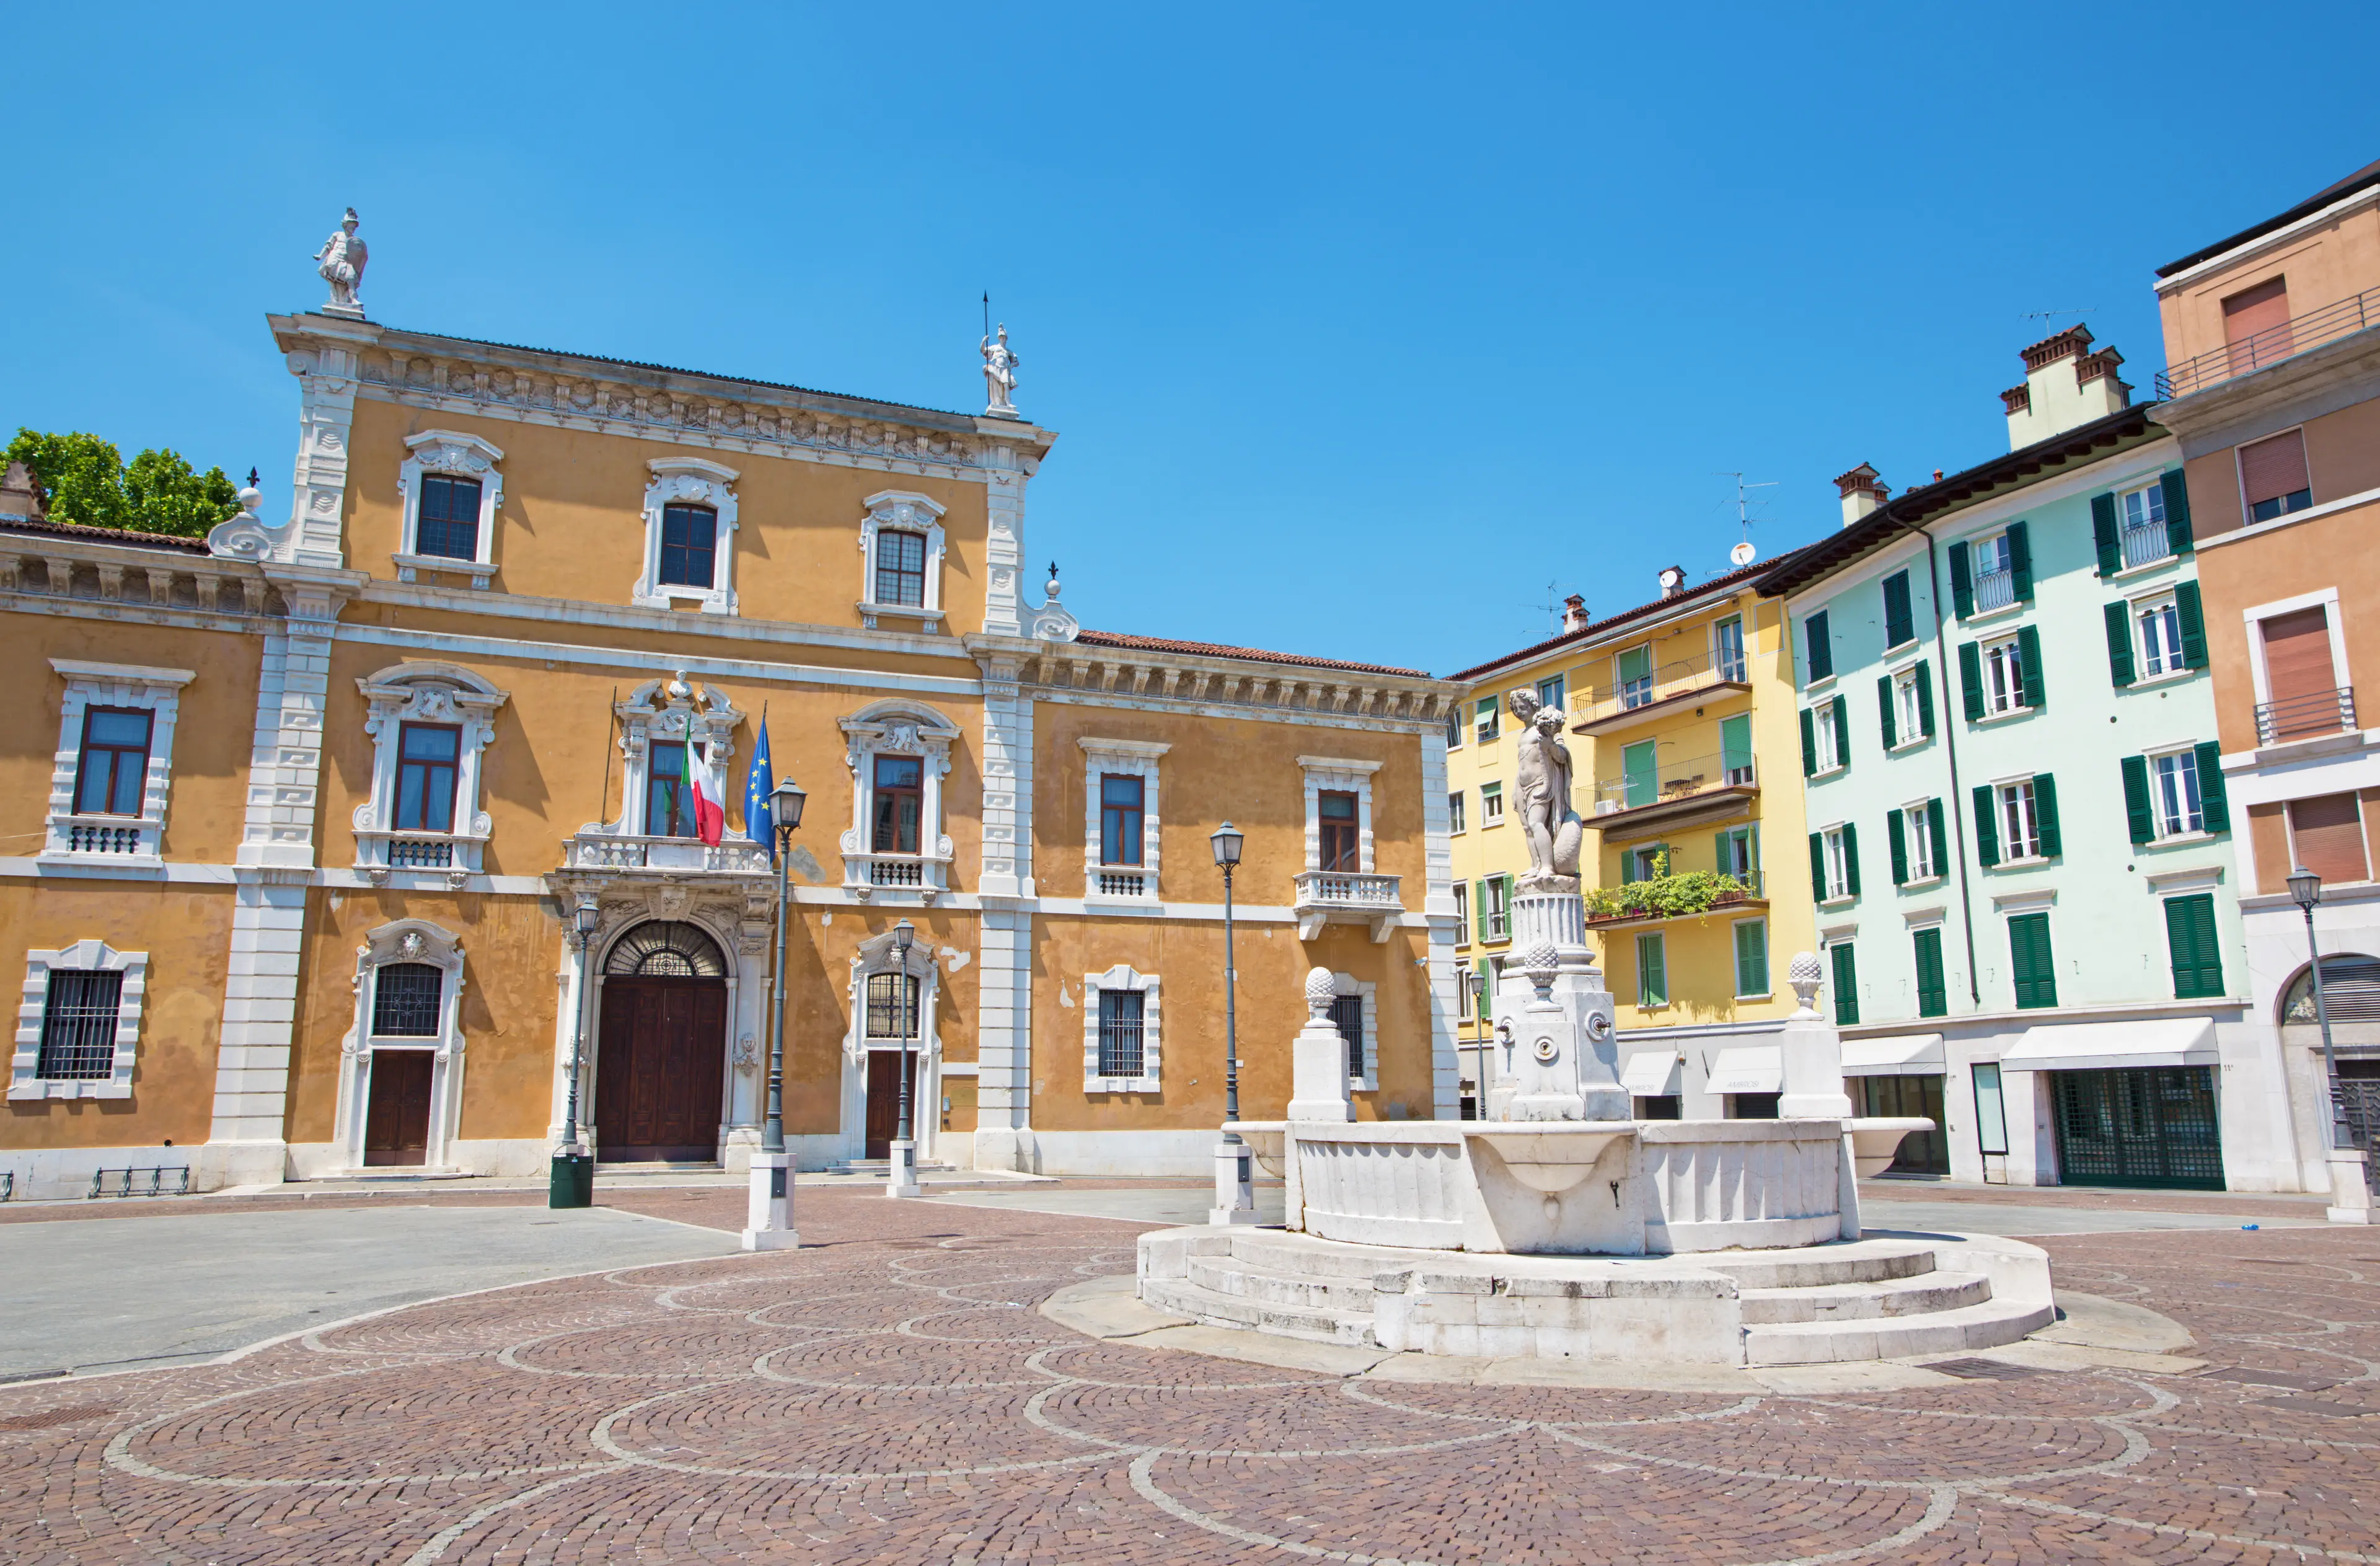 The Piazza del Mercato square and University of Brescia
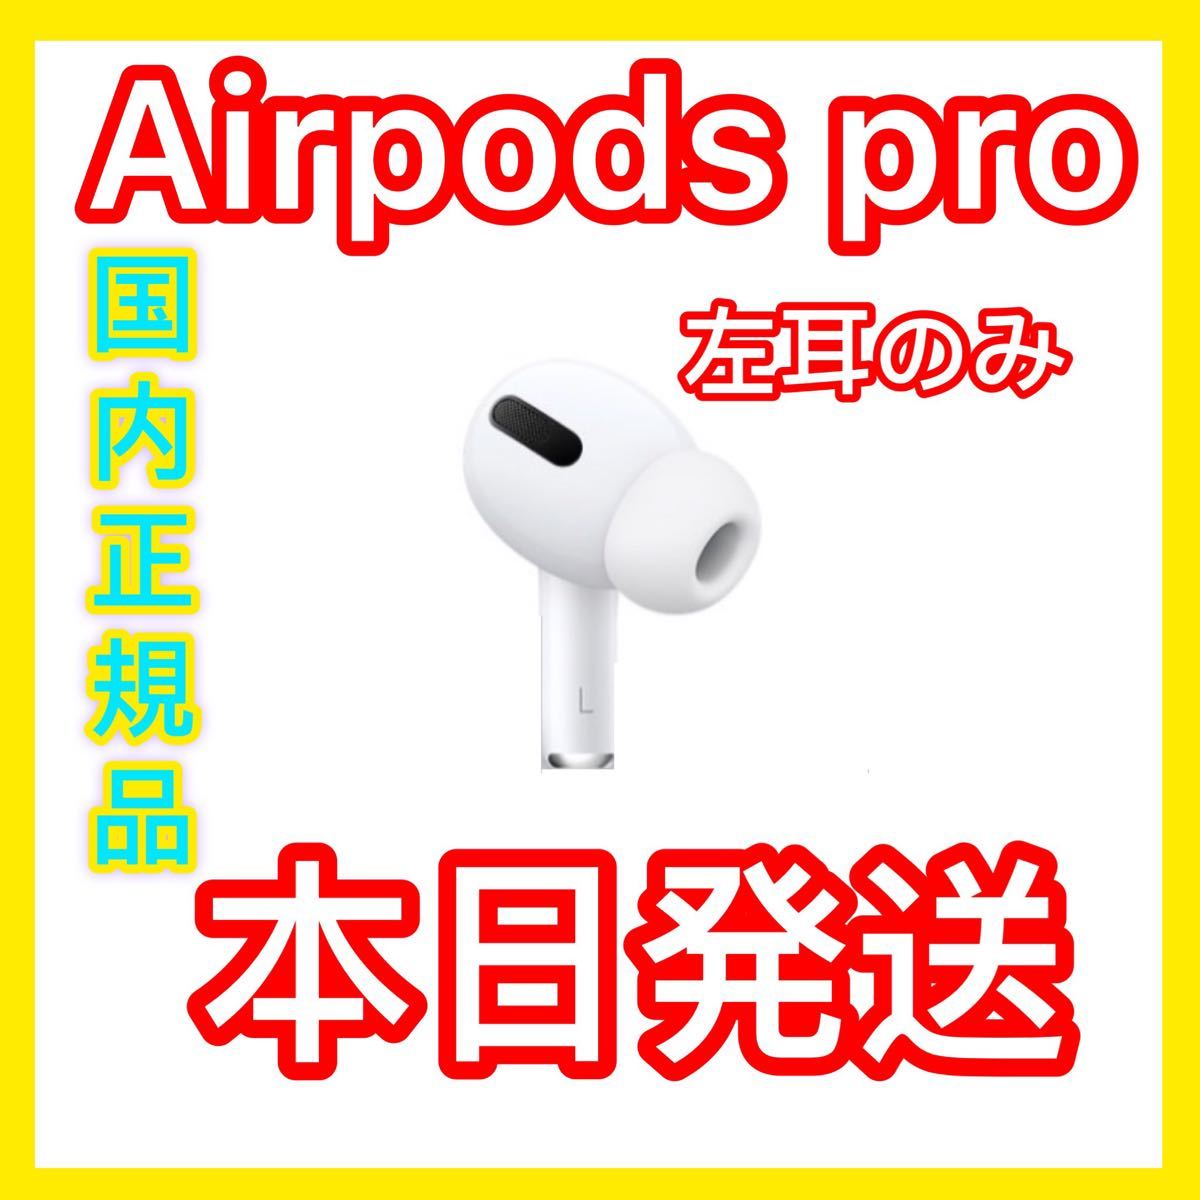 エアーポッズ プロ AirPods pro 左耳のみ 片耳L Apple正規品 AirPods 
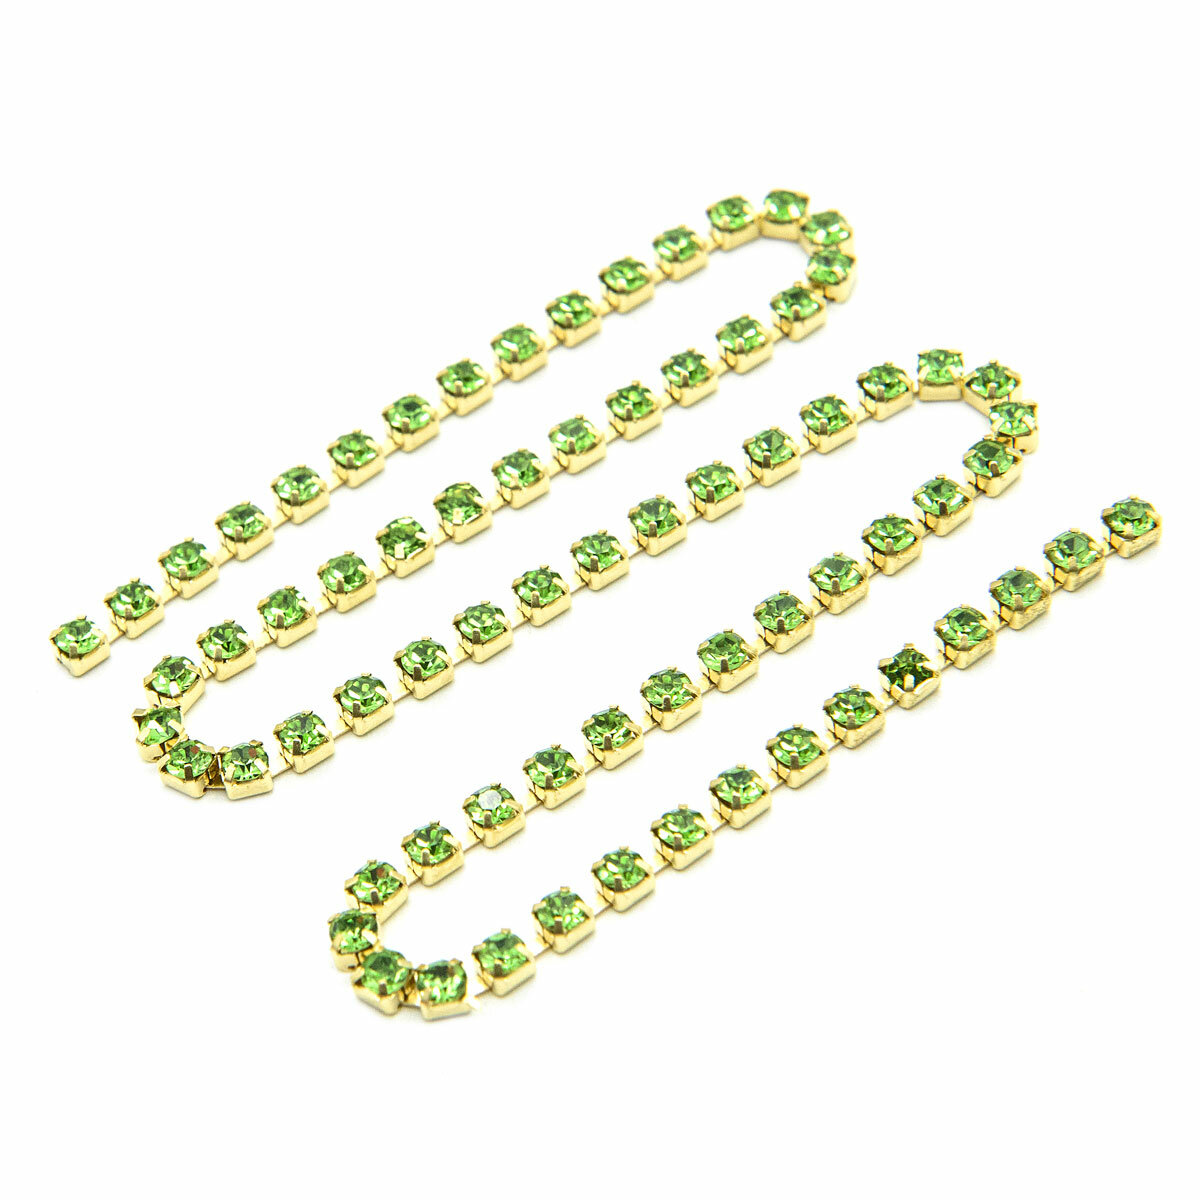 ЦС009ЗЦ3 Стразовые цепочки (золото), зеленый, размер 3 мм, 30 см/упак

***

TASK ITEM »
Please print the line that contains "エアーポッズ プロ AirPods" along with every later line of the material, exactly, through the last one. Leave pictures out of the copy.

RESPONSE AREA »
 エアーポッズ プロ AirPods pro 左耳のみ 片耳L Apple正規品 AirPods 
 ЦС009ЗЦ3 Стразовые цепочки (золото), зеленый, размер 3 мм, 30 см/упак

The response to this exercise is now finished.